C++和NumPy之间的Python绑定中复杂的C++生命周期问题

发布于02月14日

我正在寻求关于如何处理C++和NumPy/Python之间复杂的生命周期问题的建议.很抱歉给你留了一大堆文字，但我想提供尽可能多的内容.

我开发了cvnp，这是一个库，它在cv::Mat到py::array个对象之间提供绑定之间的强制转换，因此在使用pybind11时，内存在两者之间共享. 它最初是基于a SO answer× Dan Mašek 的.一切都很顺利，该库被用于几个项目，包括robotpy，这是第一届机器人大赛的Python库.

然而，an issue是由用户引发的，它处理链接的cv::Mat和py::array对象的生存期.

在方向cv::Mat - py::array上，一切都很好，因为mat_to_nparray将创建一个py::array，它通过"capsule"(一个python句柄)保持对链接的cv::Mat的引用.
然而，在方向py::array-&gt；cv::Mat,nparray_to_mat中，cv::mat将访问py::数组的数据，而不引用该数组(因此，不能保证py::数组的生存期与cv::mat相同)

请参见mat_to_nparray:

py::capsule make_capsule_mat(const cv::Mat& m)
{
    return py::capsule(new cv::Mat(m)
        , [](void *v) { delete reinterpret_cast<cv::Mat*>(v); }
    );
}

pybind11::array mat_to_nparray(const cv::Mat& m)
{
    return pybind11::array(detail::determine_np_dtype(m.depth())
        , detail::determine_shape(m)
        , detail::determine_strides(m)
        , m.data
        , detail::make_capsule_mat(m)
        );
}

和nparray_to_mat:

cv::Mat nparray_to_mat(pybind11::array& a)
{
    ...
    cv::Mat m(size, type, is_not_empty ? a.mutable_data(0) : nullptr);
    return m;
}

到目前为止，这个方法运行得很好，直到一位用户写道:

返回作为参数传递的相同cv::mat的绑定c++函数

m.def("test", [](cv::Mat mat) { return mat; });

使用此函数的一些Python代码

img = np.zeros(shape=(480, 640, 3), dtype=np.uint8)
img = test(img)

在这种情况下，可能会发生分段错误，因为py::array对象在cv::Mat对象之前被销毁，并且cv::Mat对象试图访问py::array对象的数据.然而，分段故障不是系统性的，并且取决于OS+PYTHON版本.
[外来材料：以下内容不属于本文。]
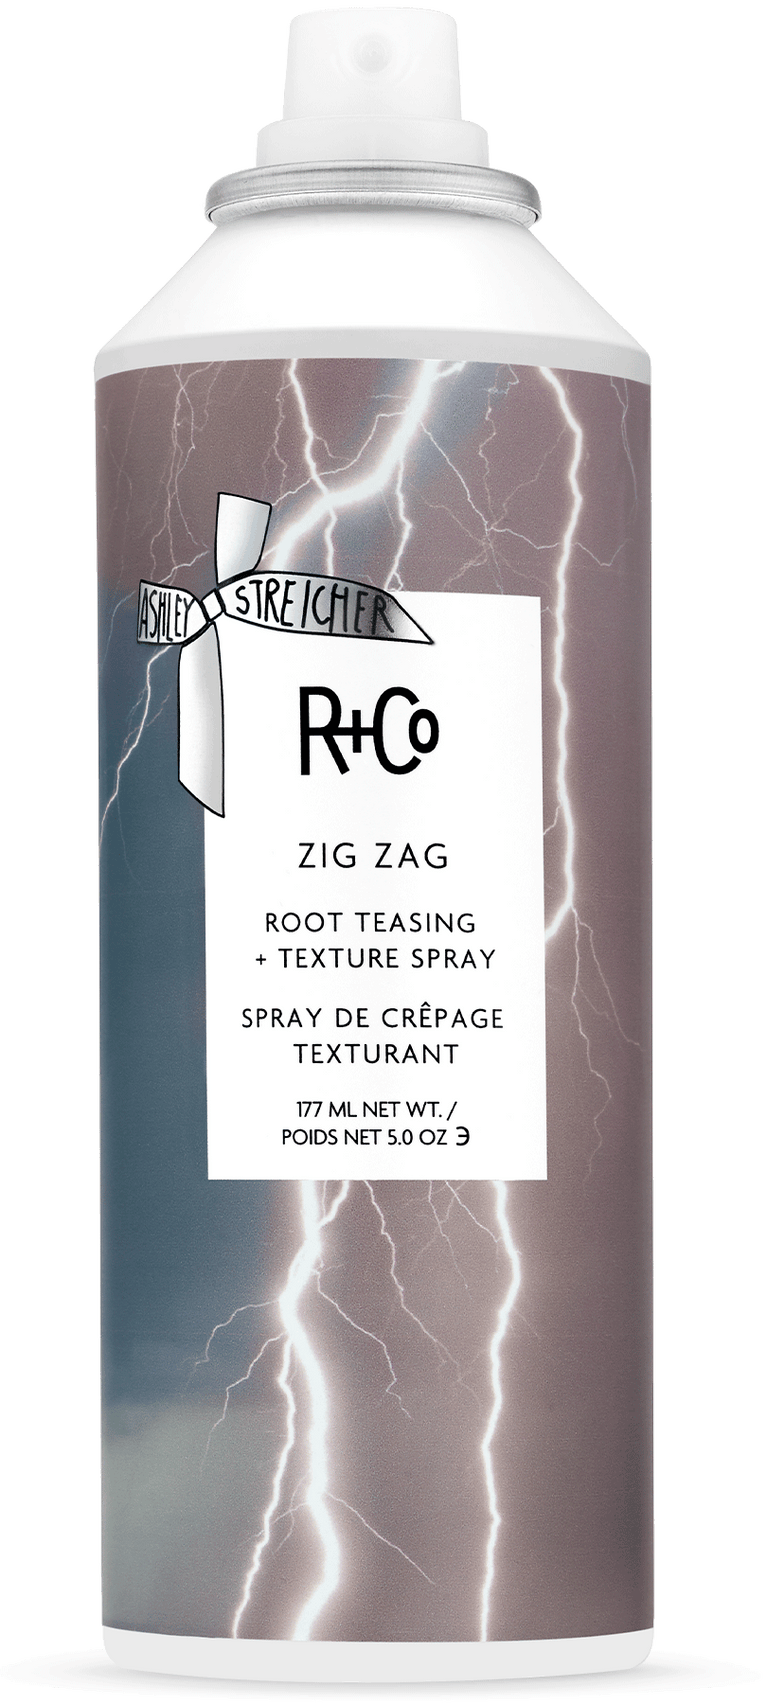 ZIG ZAG Root Teasing + Texture Spray – R+Co

我使用ASAN通过this commit在CI中复制了它. 重现代码相当简单:

void test_lifetime()
{
    // We need to create a big array to trigger a segfault
    auto create_example_array = []() -> pybind11::array
    {
        constexpr int rows = 1000, cols = 1000;
        std::vector<pybind11::ssize_t> a_shape{rows, cols};
        std::vector<pybind11::ssize_t> a_strides{};
        pybind11::dtype a_dtype = pybind11::dtype(pybind11::format_descriptor<int32_t>::format());
        pybind11::array a(a_dtype, a_shape, a_strides);
        // Set initial values
        for(int i=0; i<rows; ++i)
            for(int j=0; j<cols; ++j)
                *((int32_t *)a.mutable_data(j, i)) = j * rows + i;

        printf("Created array data address =%p\n%s\n",
               a.data(),
               py::str(a).cast<std::string>().c_str());
        return a;
    };

    // Let's reimplement the bound version of the test function via pybind11:
    auto test_bound = [](pybind11::array& a) {
        cv::Mat m = cvnp::nparray_to_mat(a);
        return cvnp::mat_to_nparray(m);
    };

    // Now let's reimplement the failing python code in C++
    //    img = np.zeros(shape=(480, 640, 3), dtype=np.uint8)
    //    img = test(img)
    auto img = create_example_array();
    img = test_bound(img);

    // Let's try to change the content of the img array
    *((int32_t *)img.mutable_data(0, 0)) = 14;  // This triggers an error that ASAN catches
    printf("img data address =%p\n%s\n",
           img.data(),
           py::str(img).cast<std::string>().c_str());
}

我在寻求如何处理这个问题的建议.我看到了几个 Select :

理想的解决方案是

在nparray_to_mat内部构造cv::mat时调用pybind11::array.inc_ref()
确保在销毁此特定实例时调用pybind11::array.dec_ref(). 然而，我不知道该怎么做.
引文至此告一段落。